1.252     claudio  3143:        } else if (tcp_do_rfc3390 == 2) {
                   3144:                /* increase initial window  */
                   3145:                tp->snd_cwnd = ulmin(10 * mss,
ulmax(2 * mss, 14600));

There is no existing sysctl to allow fine tuning, just the "IW4, max 4380" and "IW10, max 14600" switch of net.inet.tcp.rfc3390. But you could easily locally extend that variable if you want to experiment with changing the
multiplier and max value (or something else).

Ah now I finally got what you meant.

Thank you very much for your clarifications.

I guess also this means that all values > 2 for this sysctl are unclaimed and free to play with.

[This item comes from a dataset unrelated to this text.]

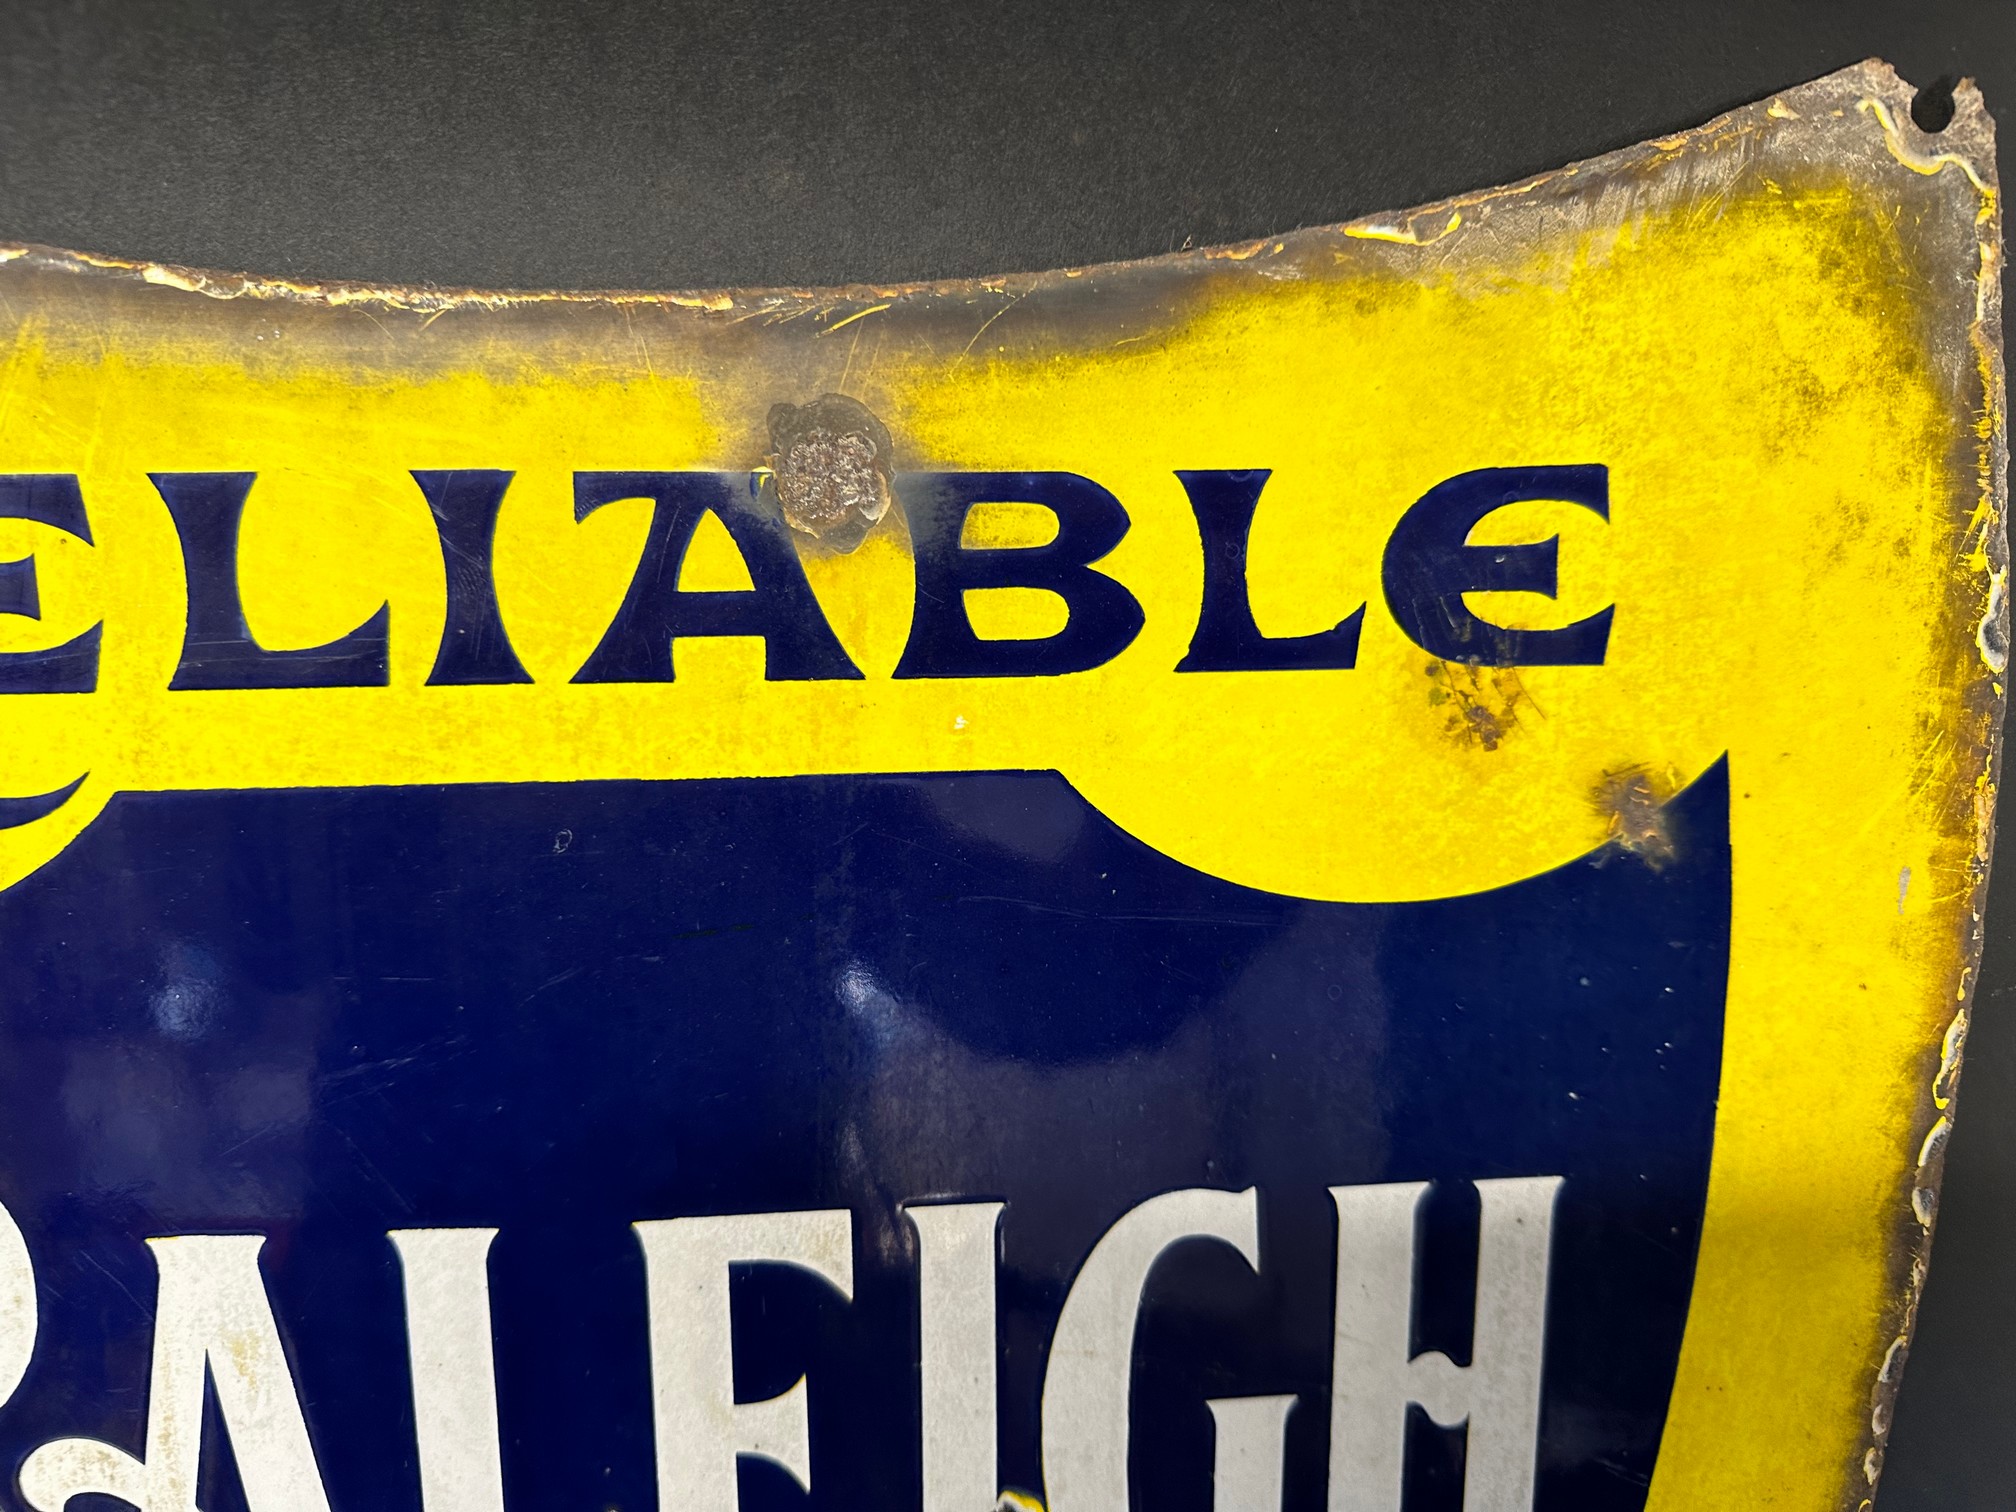 A Raleigh Cycles - Reliable, Rigid Rapid shield-shaped double sided enamel advertising sign, 17 3/ - Image 3 of 6

Last question now just to get the whole picture: (This is slightly OT as it's a general anti-congestion question, however you have the specific stack sourcecode at hand so have authoritative answer.)

An incoming connection comes in. The initial [congestion] window is 14600. 4600 bytes are sent at time 0, 123 bytes are received at time X, and then another 10000 bytes are sent at time Y.

The RTT is such that ACK:s confirming reception come in within 3 seconds. All packets go through.

In this usecase, is there any risk (because of some timeout constraint or alike) that the anti-congestion or slow-start would reduce the initial window size that hasn't been used yet, under any circumstance, so that the send at Y would be speed-capped/blocked?